What is required
Starting at the line containing "Hard Cover Journal" and ending at the line containing "2. Normativa de", transcribe the listing below exactly. Keep both end lines, skip the pictures, and copy nothing else.

Available records
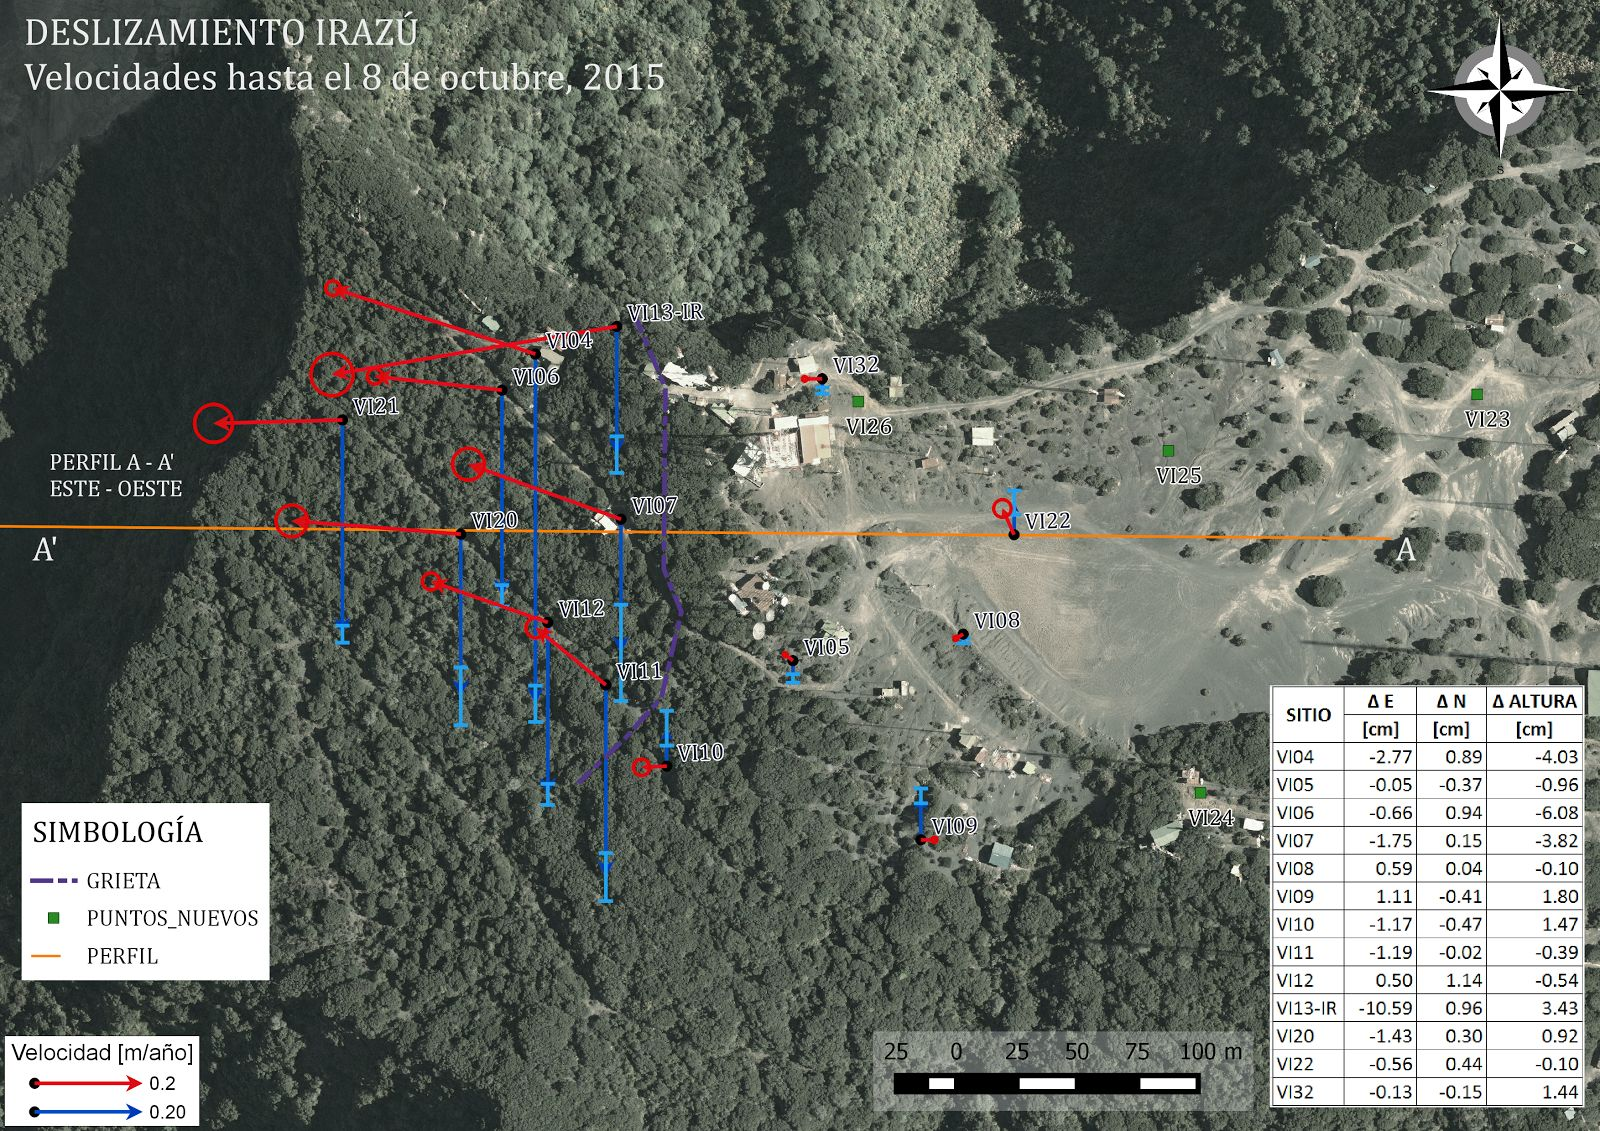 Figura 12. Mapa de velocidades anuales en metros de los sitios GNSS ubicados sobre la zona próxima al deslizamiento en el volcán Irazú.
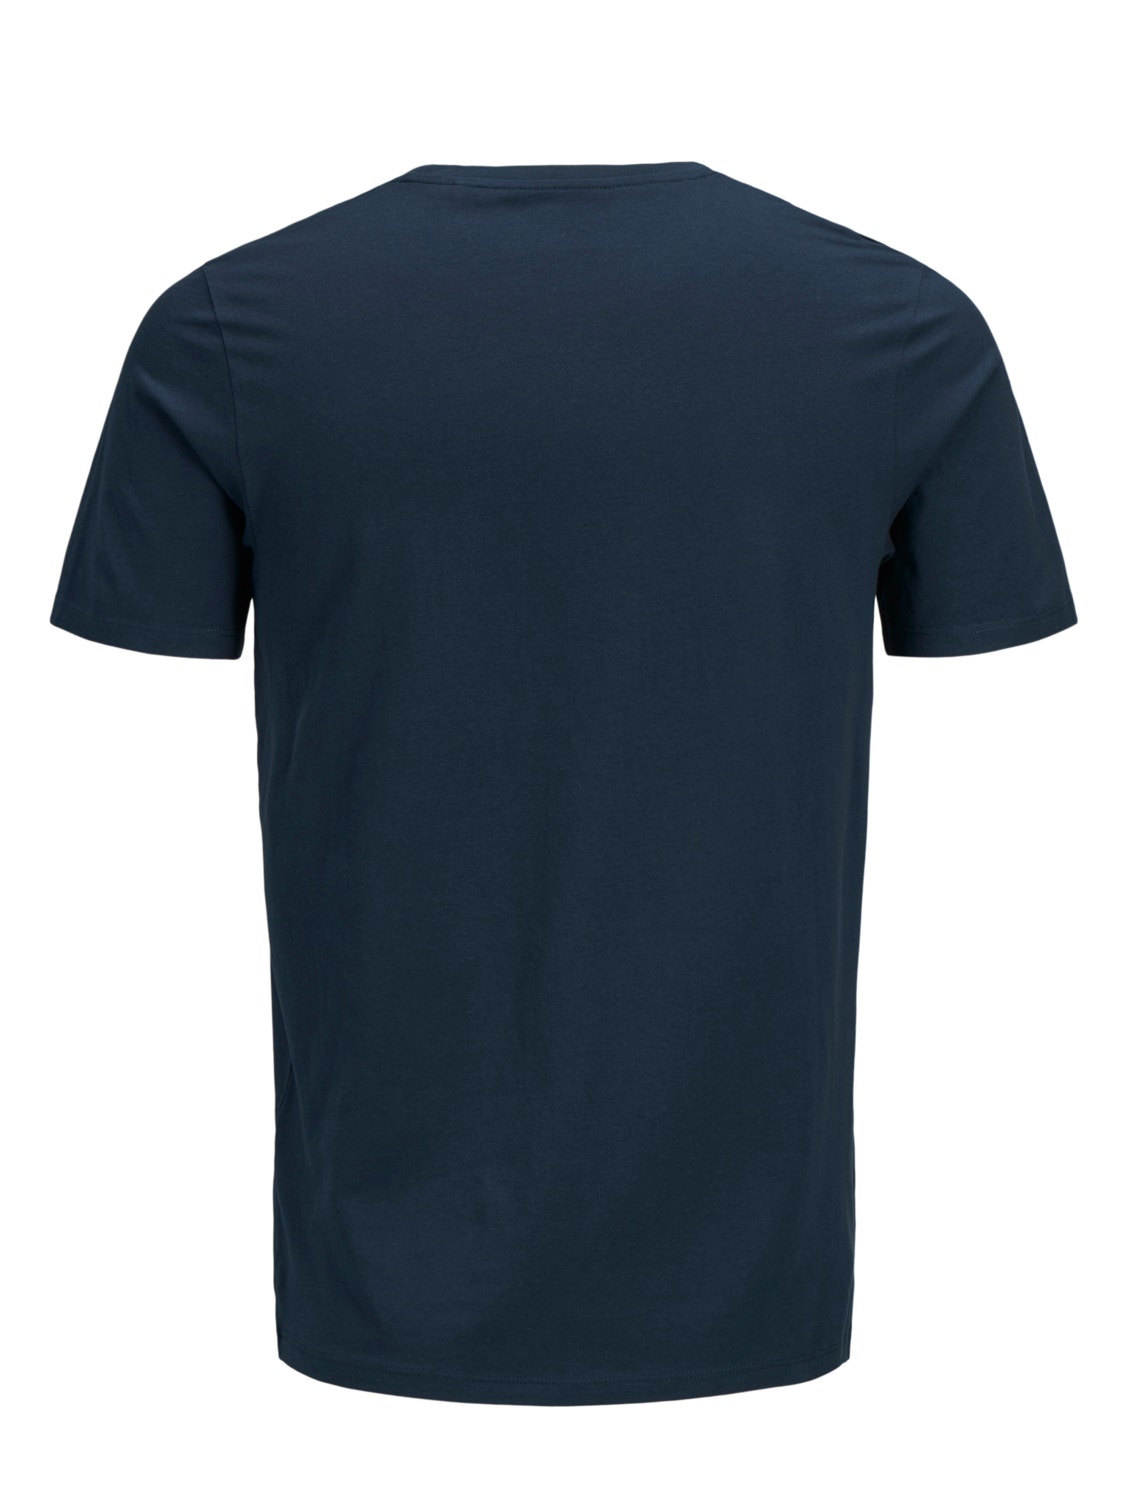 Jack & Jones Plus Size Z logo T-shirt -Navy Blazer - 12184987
==
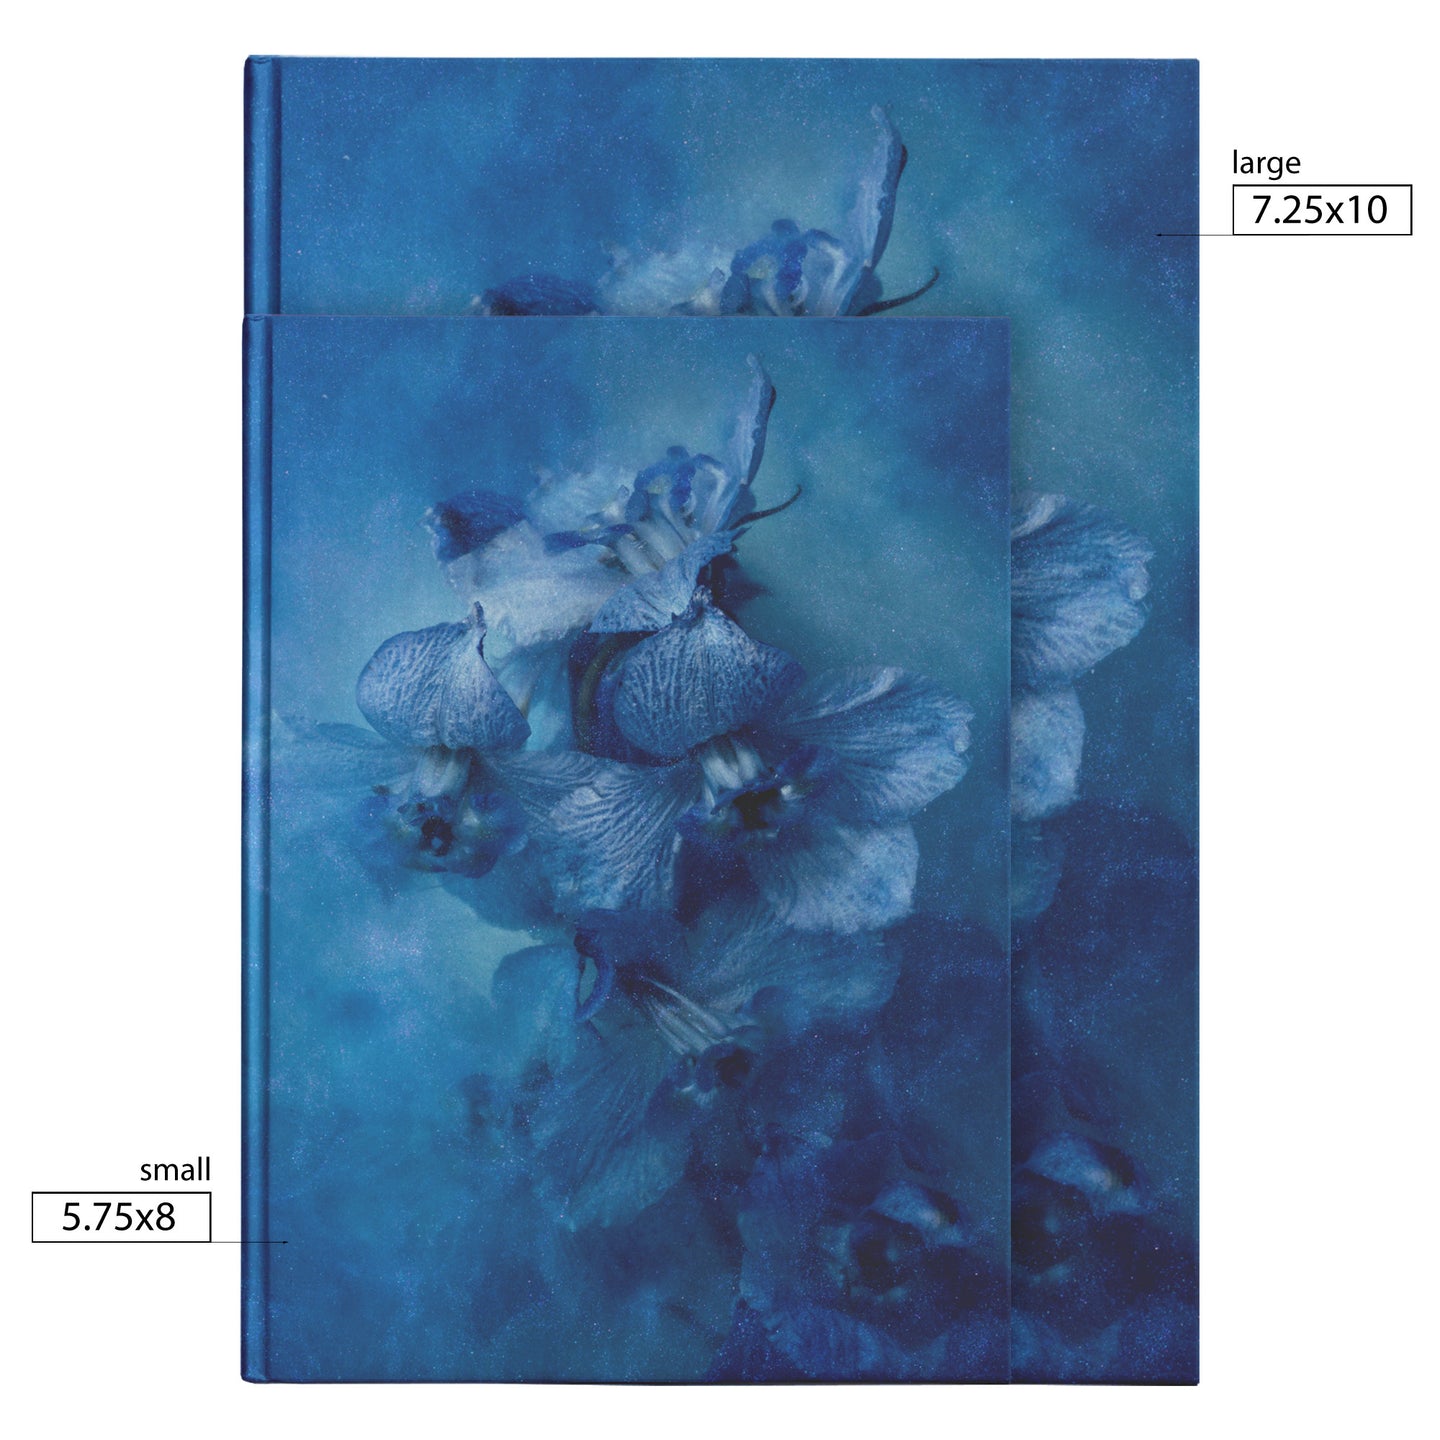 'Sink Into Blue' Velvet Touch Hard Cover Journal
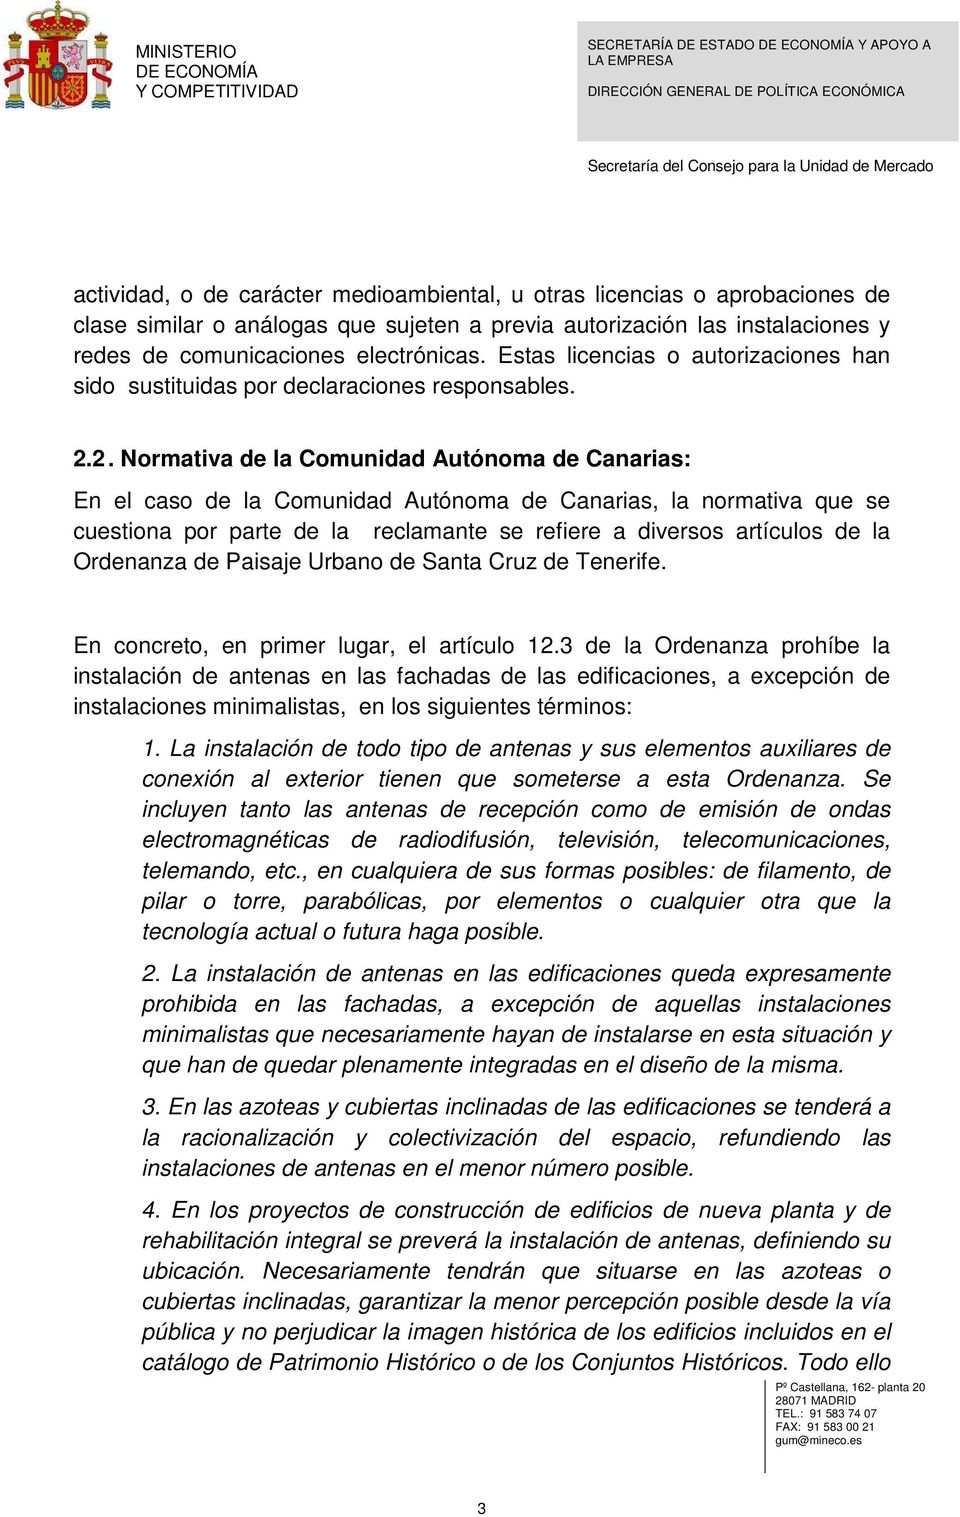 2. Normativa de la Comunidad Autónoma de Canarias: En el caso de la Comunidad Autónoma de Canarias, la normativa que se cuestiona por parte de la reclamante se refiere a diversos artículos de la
...
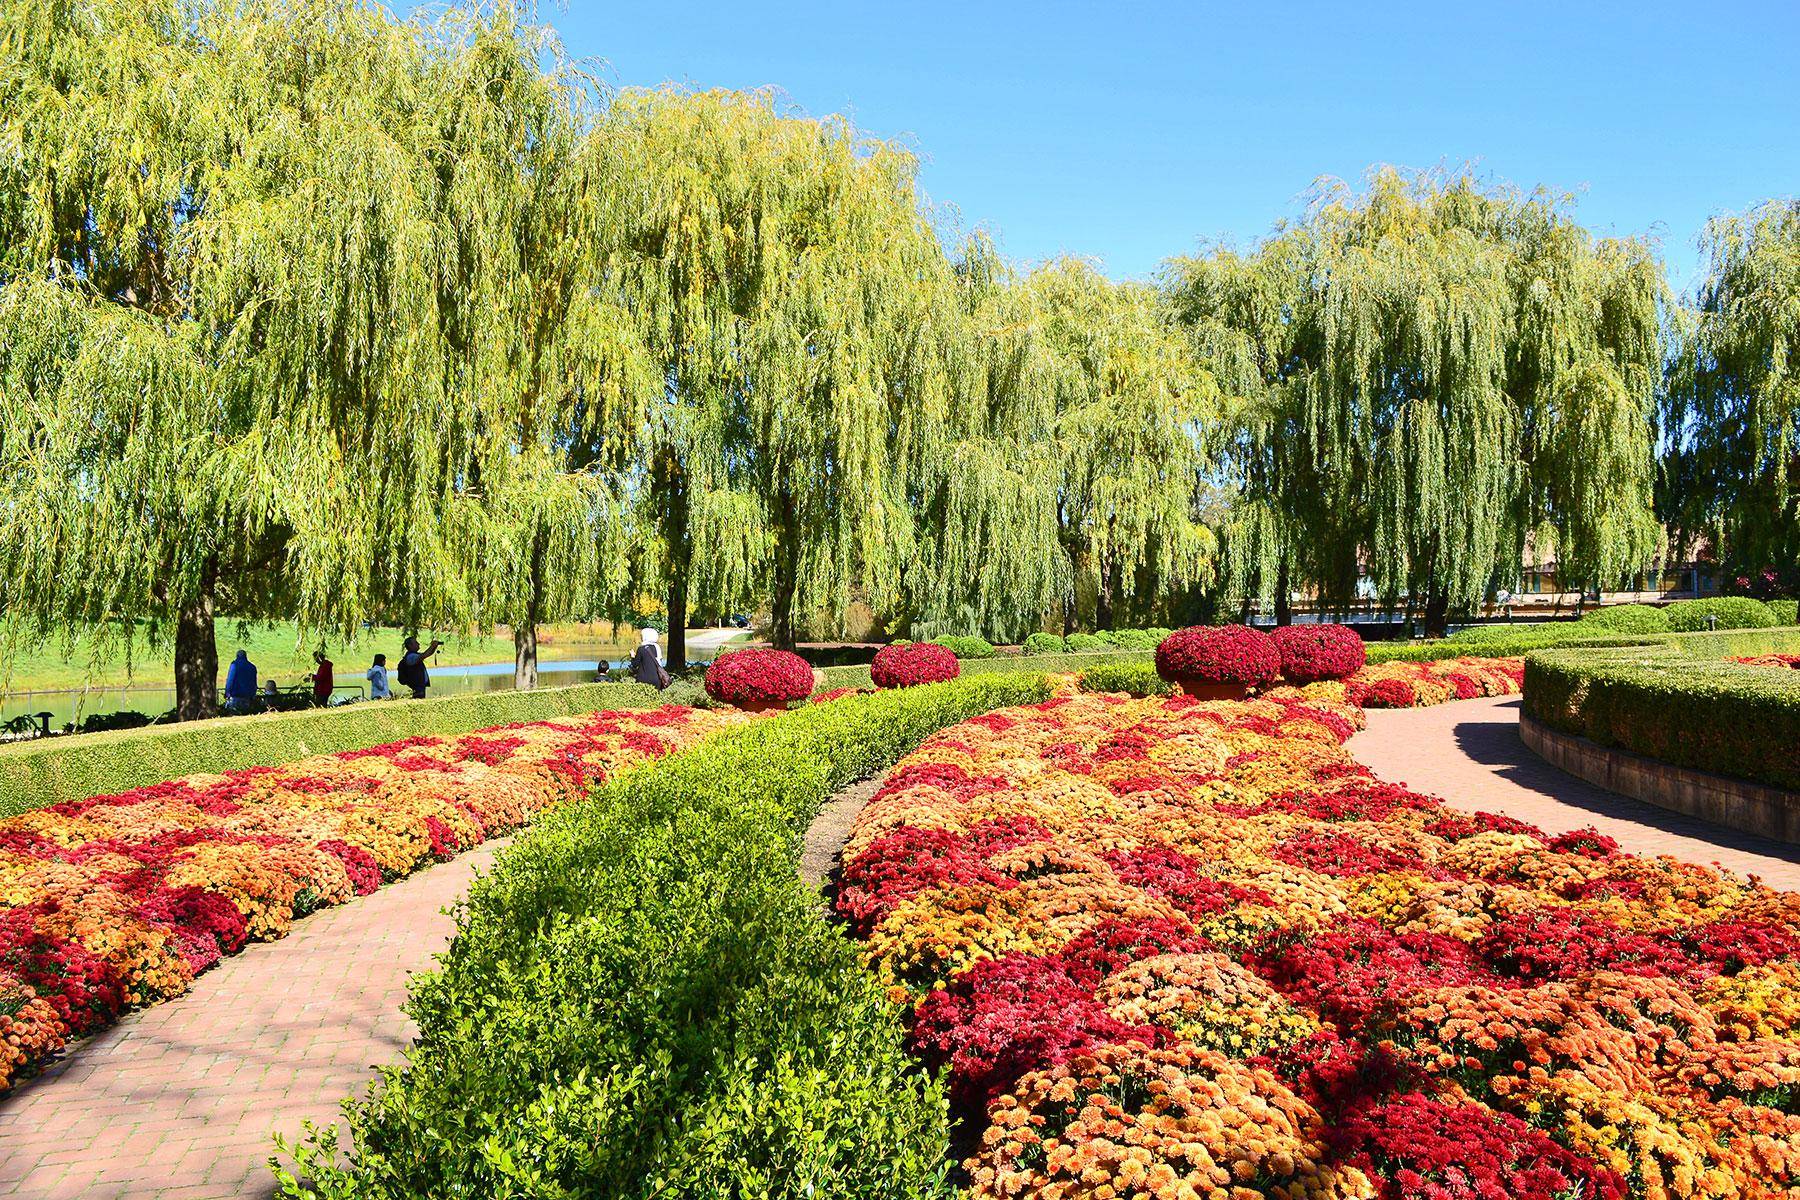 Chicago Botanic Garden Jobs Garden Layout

Task solution
 'Sink Into Blue' Velvet Touch Hard Cover Journal
 2. Normativa de la Comunidad Autónoma de Canarias: En el caso de la Comunidad Autónoma de Canarias, la normativa que se cuestiona por parte de la reclamante se refiere a diversos artículos de la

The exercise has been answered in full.